READ: AFP: Lapses possible in handling of Trillanes amnesty papers

President Rodrigo Duterte declared the amnesty granted to the senator, one of his fiercest critics, as "void from the beginning" for Trillanes' supposed non-compliance with amnesty application requirements.

The proclamation also said the military "has no available copy of his application for amnesty in the records." The government says that means he never applied for amnesty.

Trillanes' filing of his application for amnesty in 2011 was heavily covered by media and is supported by documents based on the application and by the military officer who processed it.

Senate hearing

During the Senate Committee on Finance’s hearing Tuesday, Trillanes did not hold back from quizzing top Defense officials on the matter of his amnesty.

Galvez said that there may have been “some lapses”  and that documents were not properly transmitted from J1, or the Office of the Deputy Chief of Staff for Personnel.

“The old papers [were not] brought down pabalik sa GHQ (back to General Headquarters),” he added.

But Trillanes pressed: “Did I apply for amnesty?”

Galvez then referred to the affidavit issued by Col. Josefa Berbigal that “according to her,” the senator applied for amnesty.
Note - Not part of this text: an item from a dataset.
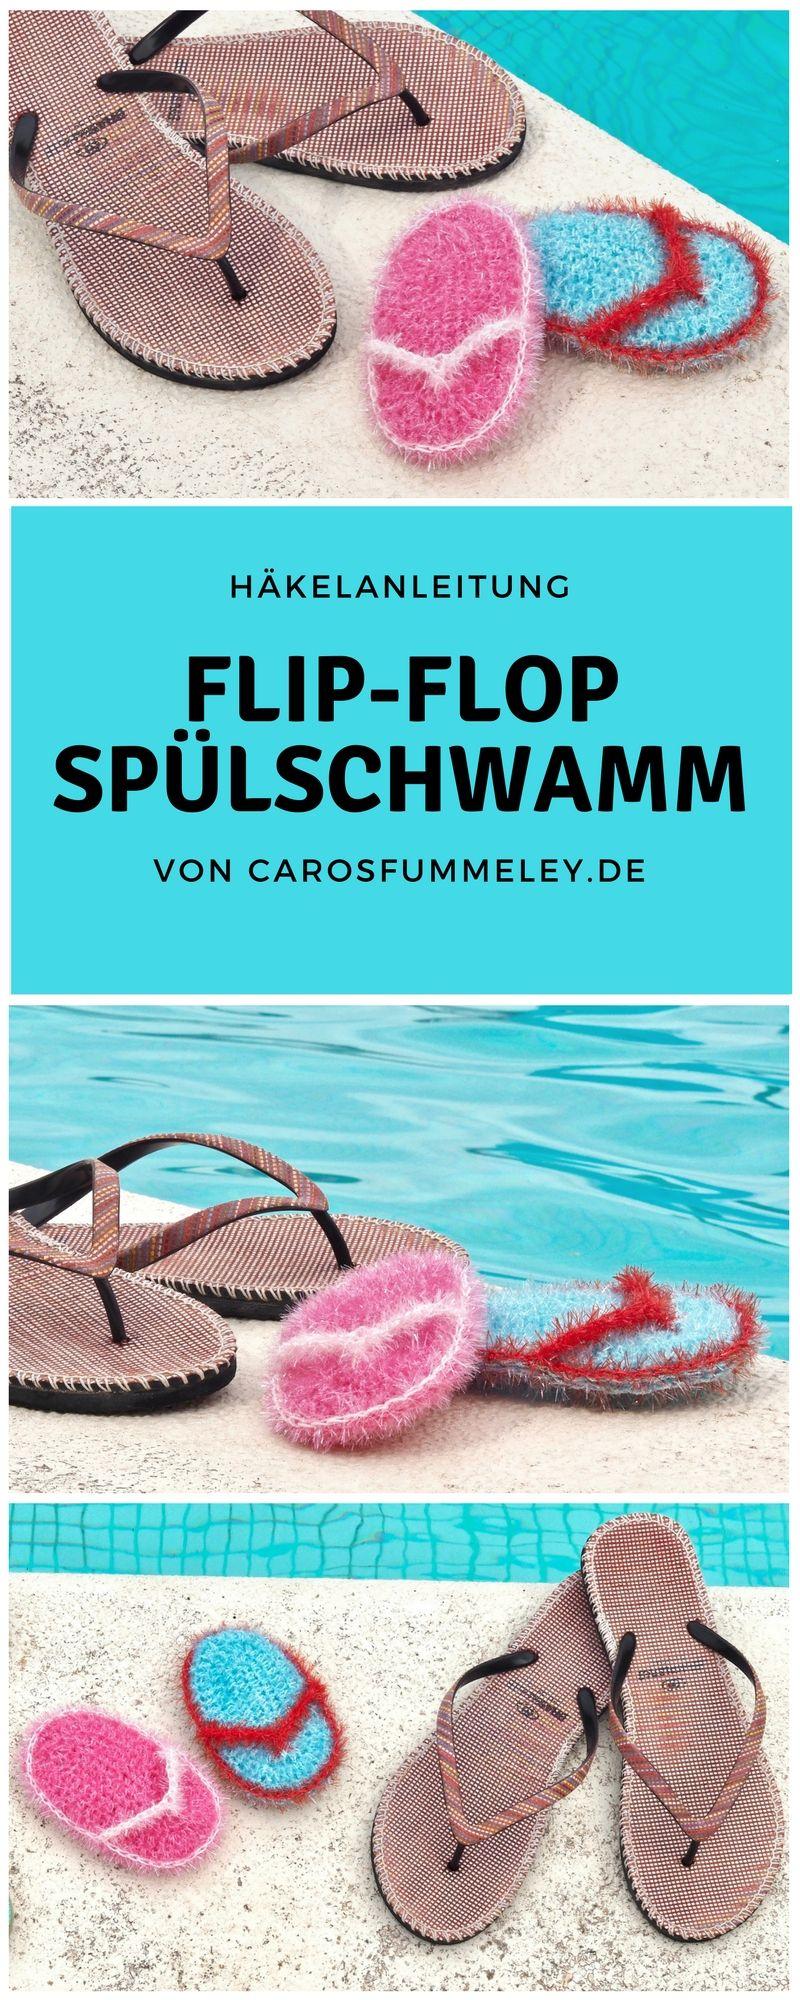 Häkelanleitung: Flip-Flop-Spülschwamm | Flipping and Crochet

Berbigal processed Trillanes' amnesty application. Her testimony was included in the affidavits filed by Trillanes' camp before the Makati courts hearing the prosecutors' motion for warrant of arrest.

Arevalo however said that Galvez’s statement may be left best to the discretion of the courts.

“We defer to the wise discretion of the court to where the case has been submitted as to how it will appreciate the statement. And since that may bear on the merits of the case, we will not issue further statement with due to regard to the sub judice rule,” the military spokesman added.

Roque: Galvez not a lawyer

Presidential spokesman Harry Roque, on Tuesday, dismissed Galvez's remark because he is "not a lawyer."

"Certainly, you don’t expect me to take the side of Chief Galvez,  who is not a lawyer, over the words of a learned judge." he said.

"I’m talking as a lawyer, best evidence rule. And besides, that’s in the courts and one court has said that the pictures and everything else that Sen. Trillanes adduced are not enough and of course, I concur as a lawyer,” Roque said.

Roque also insisted that Trillanes failed to present to the court a copy of his application form for the amnesty. Trillanes's camp, however, presented several pieces of secondary evidence to support their argument.

Trillanes is due to attend a hearing on Friday at the Makati Regional Trial Court Branch 148, where he had been facing a coup d'etat charge over the 2003 Oakwood Mutiny but the case was dismissed in 2011 in pursuant to the amnesty.